Er….MINE? Yes, all mine. I first saw Shunsuke in Crows Zero where he showed that he can do alot with a limited screen time. I’m still watching Tumbling for him, which really is a Yusuke vehicle. But it wasn’t until Ouran High School Club that this boy flipped a switch in me and made me open my eyes to the extent of his potential. He’s leading man material in terms of talent, charisma, and sheer magnetism on screen. I’ve already picked out the perfect dorama for him when he finishes with 2012’s Taiga, with a leading lady he simply must reunite onscreen with. Hee.
He’s one of the most versatile actors around, easily acting his age or ten years younger as a high school student and making it believable. He can do light or super dark roles with ease, and is genuinely a delightful actor to watch onscreen. I prefer Hiroki in happy roles, and gobbled up the delightful confection known as Yankee-kun to Megane-chan with relish. He’s a very striking actor, with very distinctive features that can either look handsome or freakish depending on his role. I find his real life personality quite quirky and his acting projects fit his profile to the T.

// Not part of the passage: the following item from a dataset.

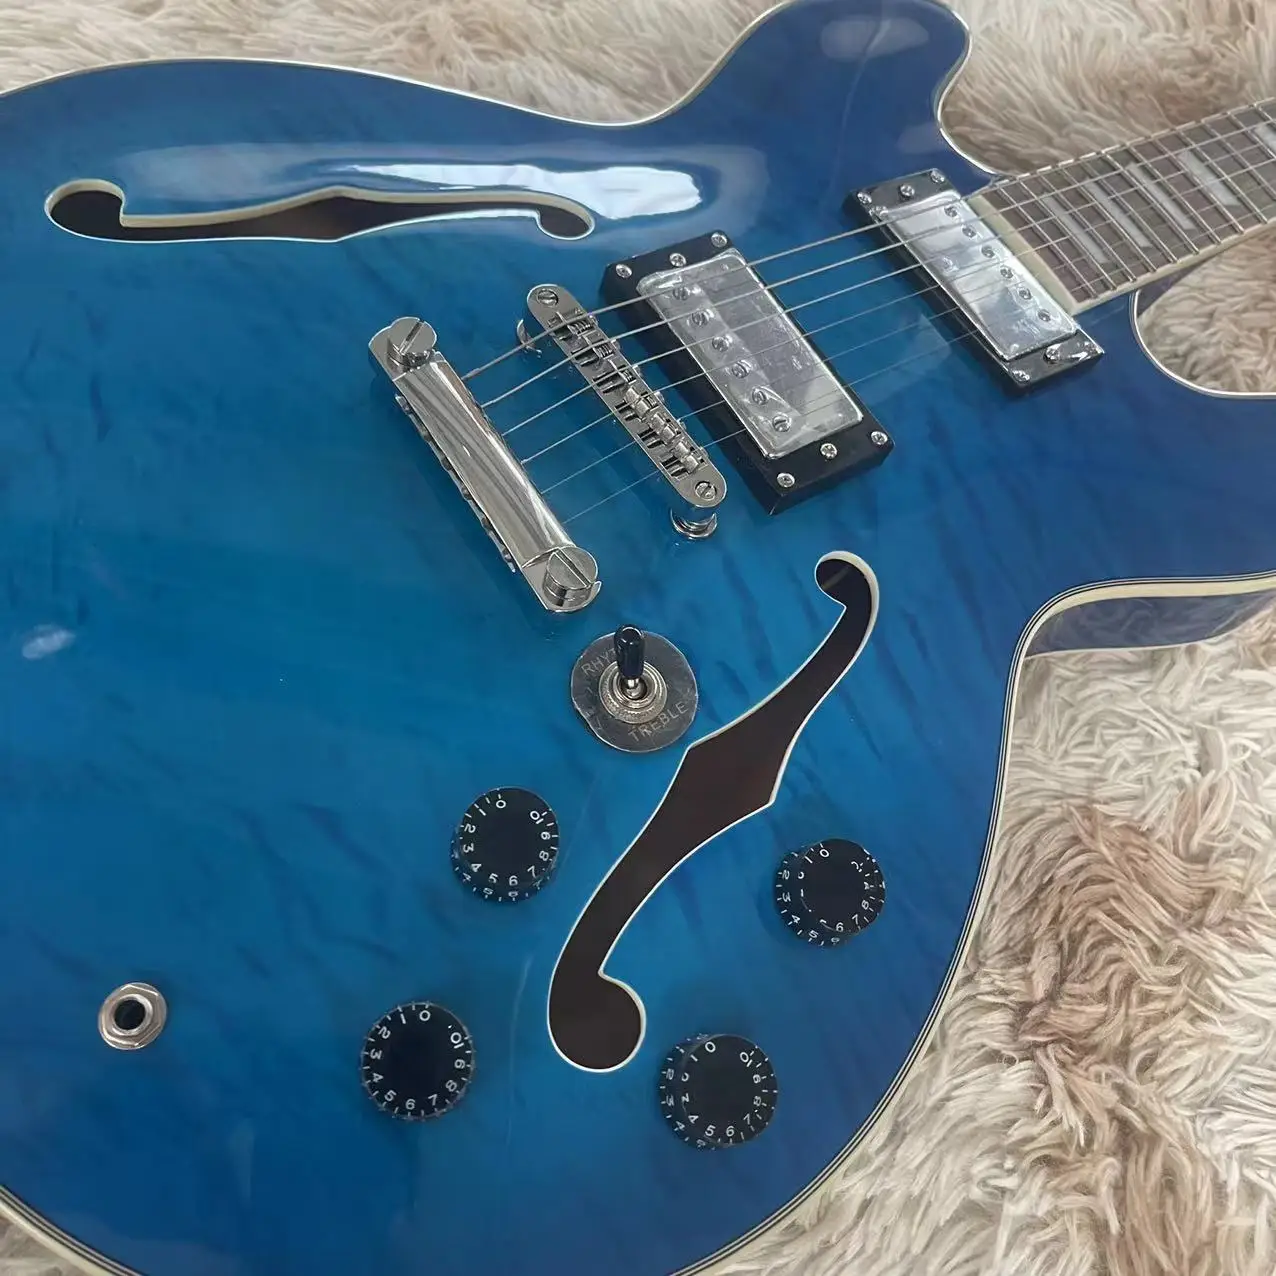 Вградена електрическа китара с отвор F, блестящ цвят blue tiger, звукосниматель LP, струнен бридж LP, сребърни аксесоари, в наличност, реален фактор

So there you have it. A quick look at the main J-actors I watch and some I keep an eye on from time-to-time. J-doramas are hit-or-miss with me for the last decade or so, and I’m quite selective with what I watch nowadays. I personally prefer the stuff from the 90s overall, though concede most of those doramas are pretty unwatchable these days since it just looks outdated. I’ll usually check out a J-dorama if it stars one of the actors I really love with a story that sounds interesting to me, hoping that I’ll hit upon one that ends up being good.
What’s great about J-actors are they are so very different from one another, from looks to performance quality, which isn’t always the case among K-actors or TW-actors, most of whom fall into the good looking hunk or pretty boy mold. I also find that J-actors really tend to challenge themselves more with very different projects rather than sticking with a genre.